Security and the Cloud: The need for high bandwidth entropy
Entropy. Its the clutter on your desk, the noise from your fan, the randomness in your life. We spent most of our lives trying to reduce entropy (filing things, sorting, making order from chaos).
But what if I told you there is an entropy shortage somewhere near you, and, that you should care? Would you come and lock me up in pyjamas with sleeves in the back? Well.. you see, good entropy (randomness) is important for good encryption. And you use a lot of it when you create connections to things (as well as on an ongoing basis). If someone can predict your randomness, even just a little, your protections are reduced.
Enter the cloud. A big server, shared with a lot of people. I’ve even heard terms like ‘serverless’ bandied about for something that looks suspiciously like a server to me, just one that shares with a big pool of the great unwashed.
Lets examine the entropy of one of my home Kubernetes system (which has been pressed into service to build envoy which uses bazel which has previously caused a lot of trouble). See the graph? See how it falls off a cliff when the job starts, and then slowly rebuilds?
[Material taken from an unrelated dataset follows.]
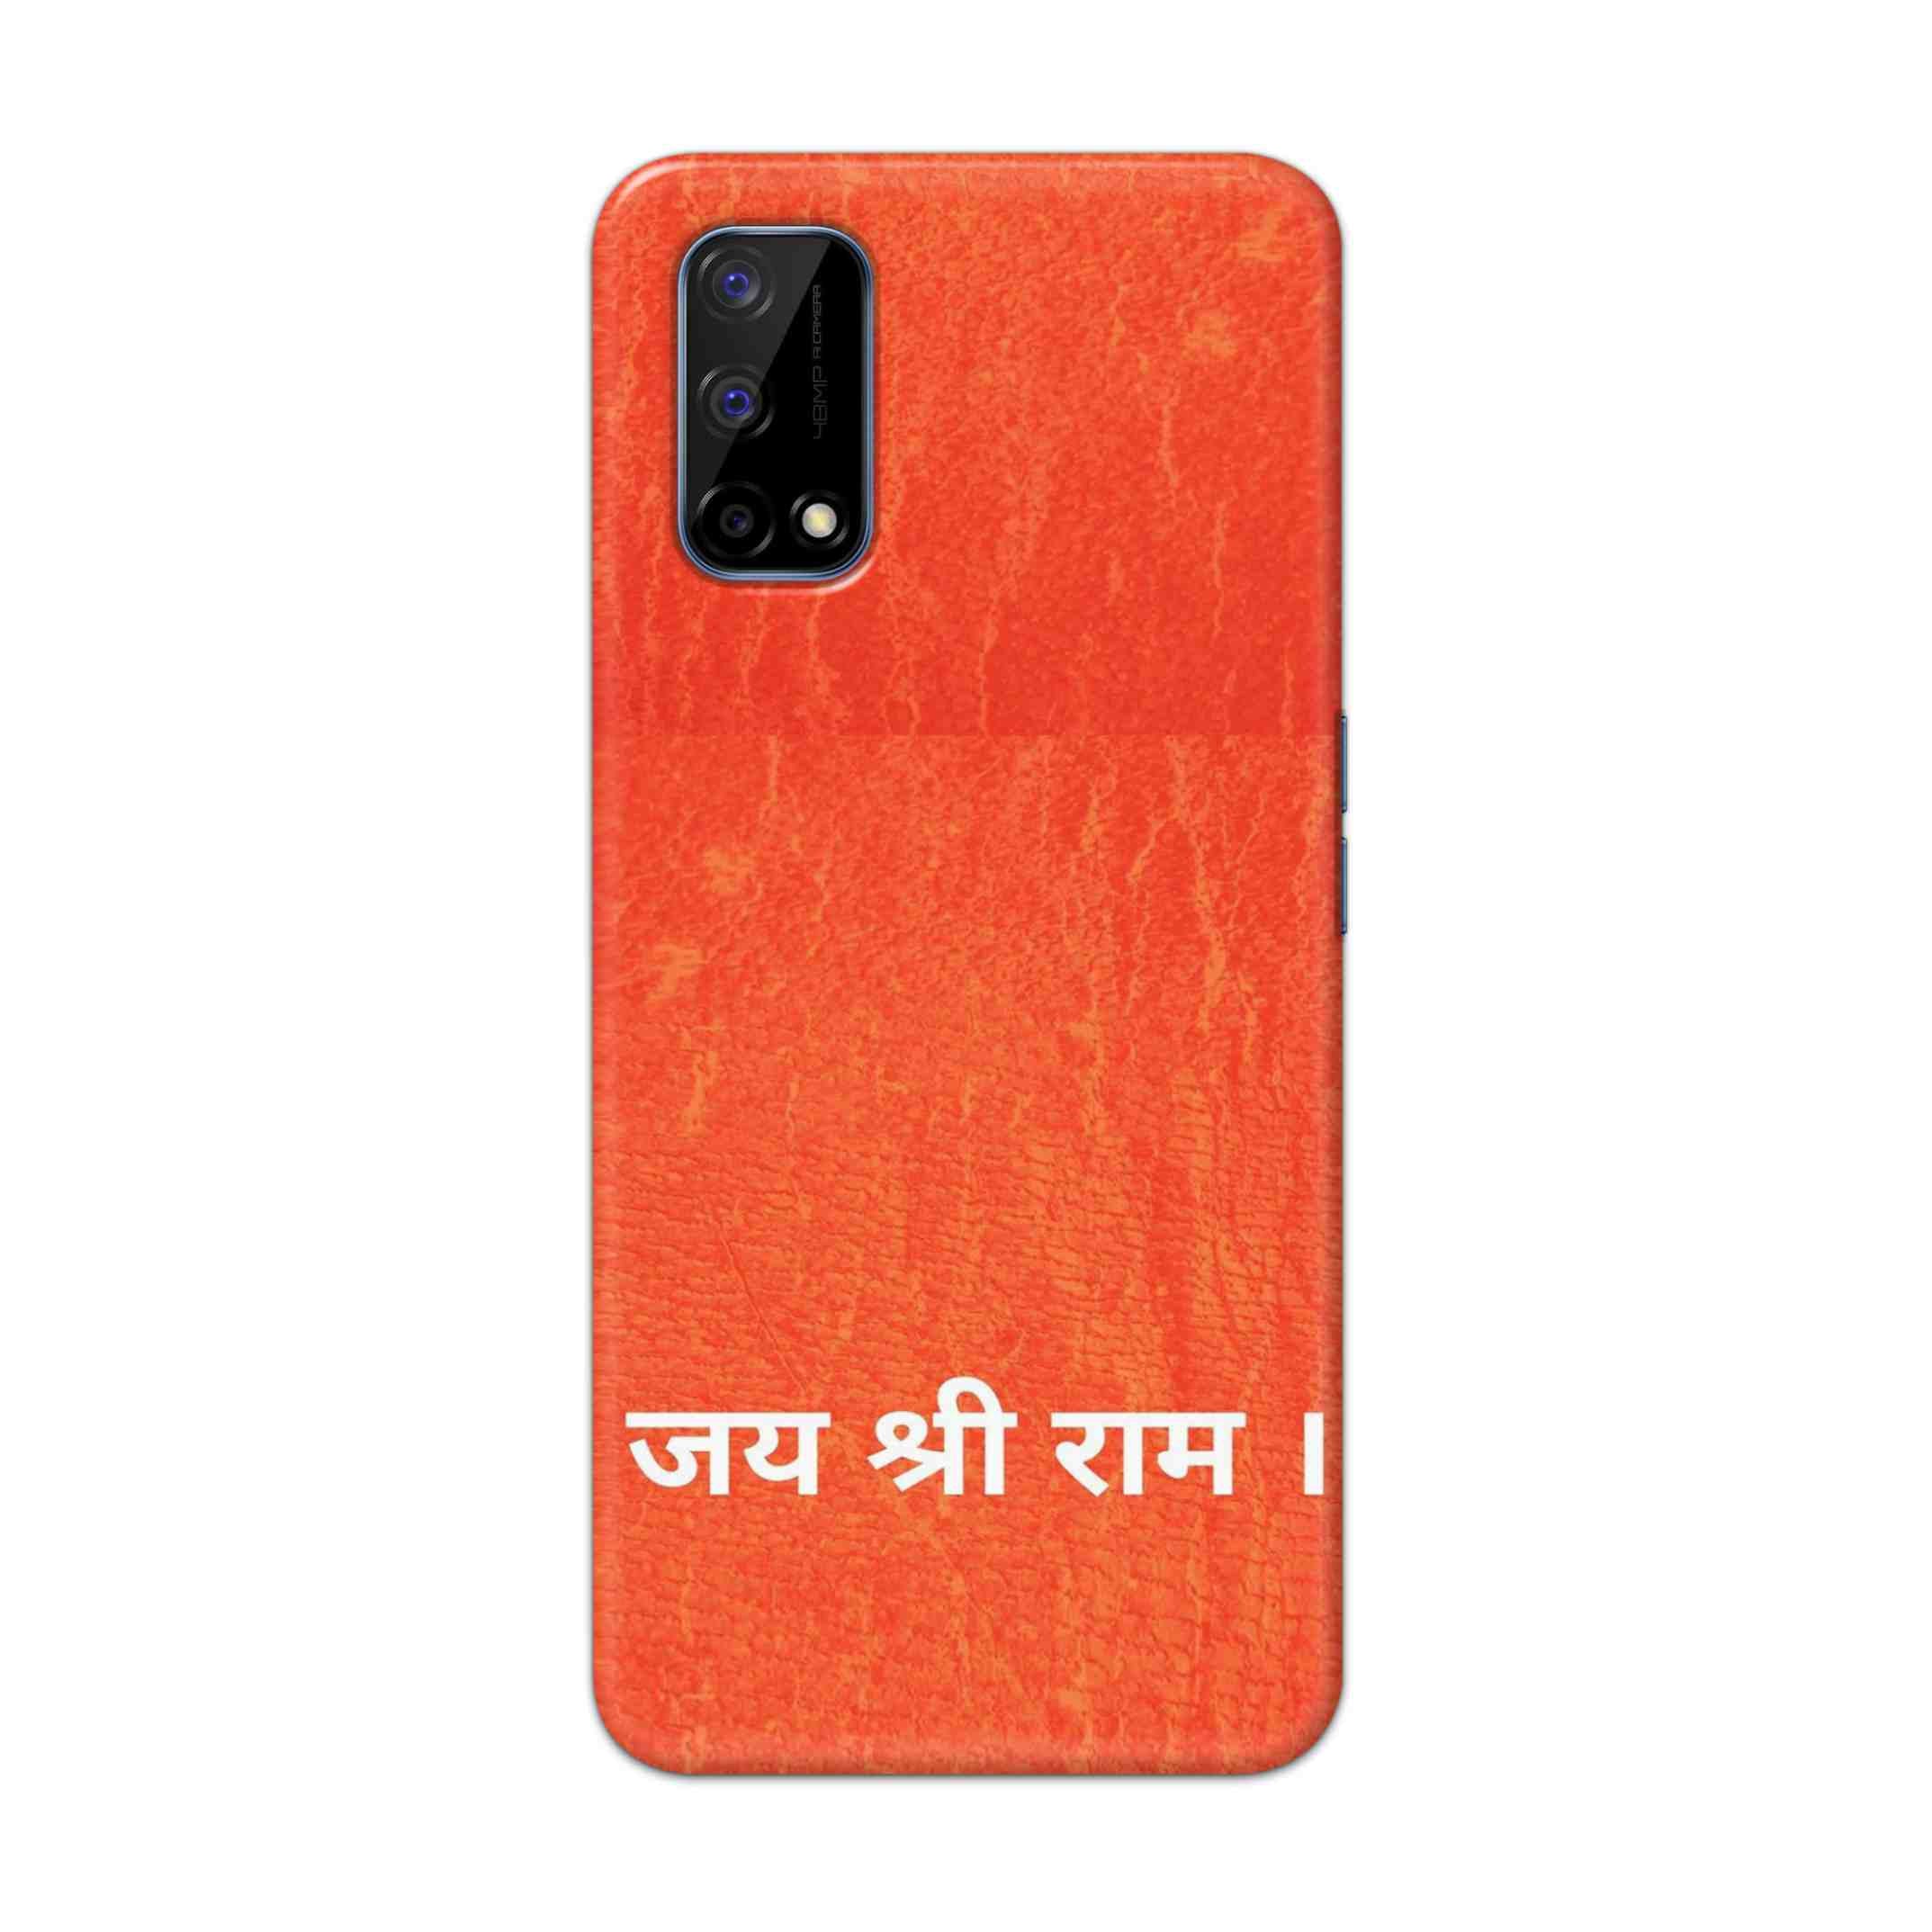 Buy Jai Shree Ram Hard Back Mobile Phone Case Cover For Realme Narzo 30 Pro Online

And this is with a hardware-assisted random-number generator (/rngd is reading from /dev/hwrng). Imagine my poor machine trying to collect randomness, where will it get it from? There’s no mouse or keyboard to get randomness from me. It just sits quietly in the basement, same humdrum existence day in and out.
Now, there are usb random number generators (like this one). $100. it generates about 400kbits/s of random. Is it random? Well, that’s a hard test to perform. And it matters. What if its random number generator is like the one in my old TI 99 4/A machine? You called ‘seed(n)’ and it followed a chain.